Merhaba Sevgili Nilgün’ün Günlüğü Okurları,
Çay, sabah kahvaltılarının baş tacı, sohbetlerin en sıcak tanığı, kışın soğuğa karşı koruyan, yazın insanın hararetini alan, çok eskiden de ilaç olarak bilinen bir içecektir.
Çok çok eskiden Çin’in dışında hiç kimse bu içeceğin tadını bilmezmiş. Ancak çay diye bir içecek olduğunu ve Çinliler tarafından içildiğini bilirlermiş.
Birgün Inja Kralı Çin’e elçi göndermiş ve Çin imparatoru ona çay hediye etmiş. Fakat sonra bakmışlar ki, Çinli köylüler de bu içecekten içiyor. Bu yüzden krallarına götürülecek bir içecek olmadığını düşünmüşler. Üstüne üstlük Çin kralı içine başka maddeler ekleyerek çayı değiştirmiş.
Çin’in dışındaki insanlar, şu çay denilen içeceği hep merak edip durmuşlar. Rast gele çeşitli otları toplamışlar ve demleyip içmişler. Bir çoğu zehirlenmiş ve hepsi de hayal kırıklığına uğramış.
Çay ilk kez İpek Yolu ile başka ülkelerle tanışmış. Yolda kafileler mola verdiklerinde muhakkak çay demlerlermiş ve yanlarındaki insanlara ikram ederlermiş. Böylece Pekin’den, Buhara ve Semerkant’a kadar bütün yol boyunca çay evleri kurulmuş.
Çay, İngilizce ‘tea’, Almanca ‘tee’, Fransızca ‘thé’, İspanyolca ‘té’, Japonca ‘cha’, Portekizce ‘chá’ demektir. Çince’de iki farklı şekilde söylenmektedir. Biri ‘tê’, diğeri ise ‘chá’ şeklindedir. Hemen hemen her dilde neredeyse aynı şekilde söylenmektedir.
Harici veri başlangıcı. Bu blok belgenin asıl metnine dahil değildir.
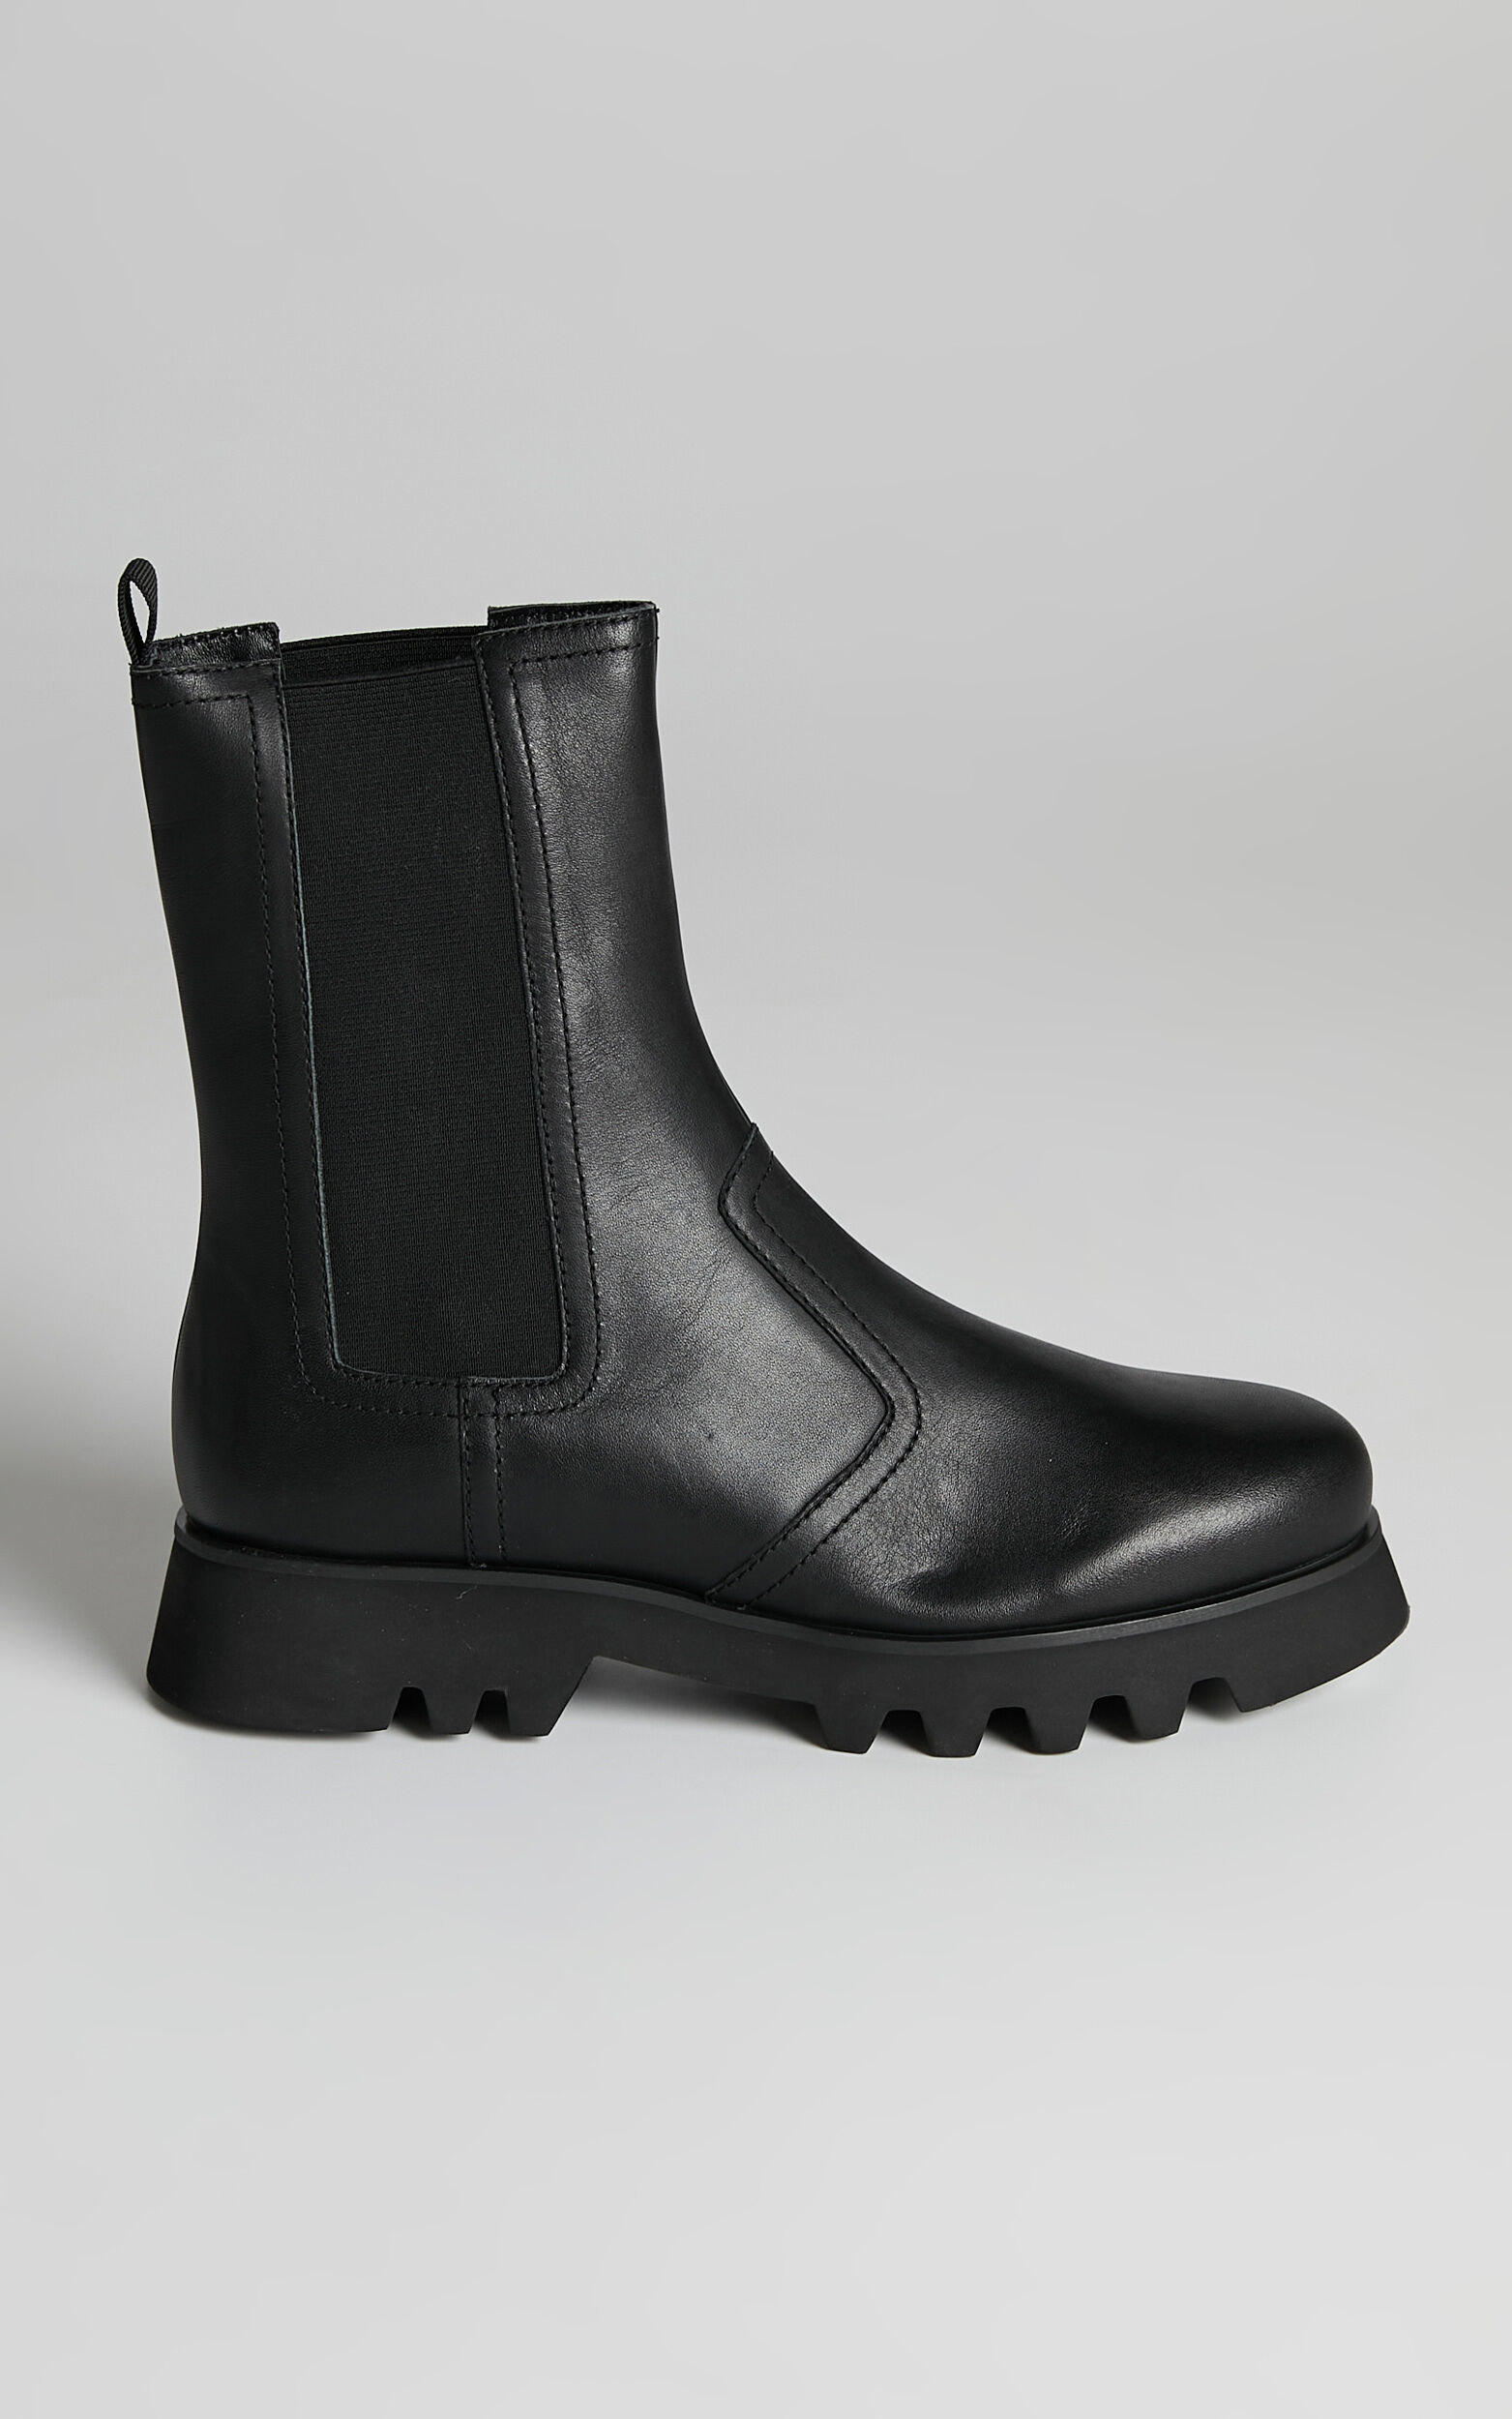 Tony Bianco - Izzy Boots in Black Como - 06, BLK1, super-hi-res image number null

Geleneksel çay demleme, bizim yaptığımız gibi çaya kaynamış su ekleyerek olur. Birkaç dakika sonra yaprakları sudan ayırarak içilir. Siyah çay için, demliğe eklenecek suyun sıcaklığı 99 °C, yeşil çay için 80 – 85 °C olmalıdır.
Bu kadar çaydan bahsettikten sonra hadi kalkın ve bir çay demleyin. Afiyet olsun.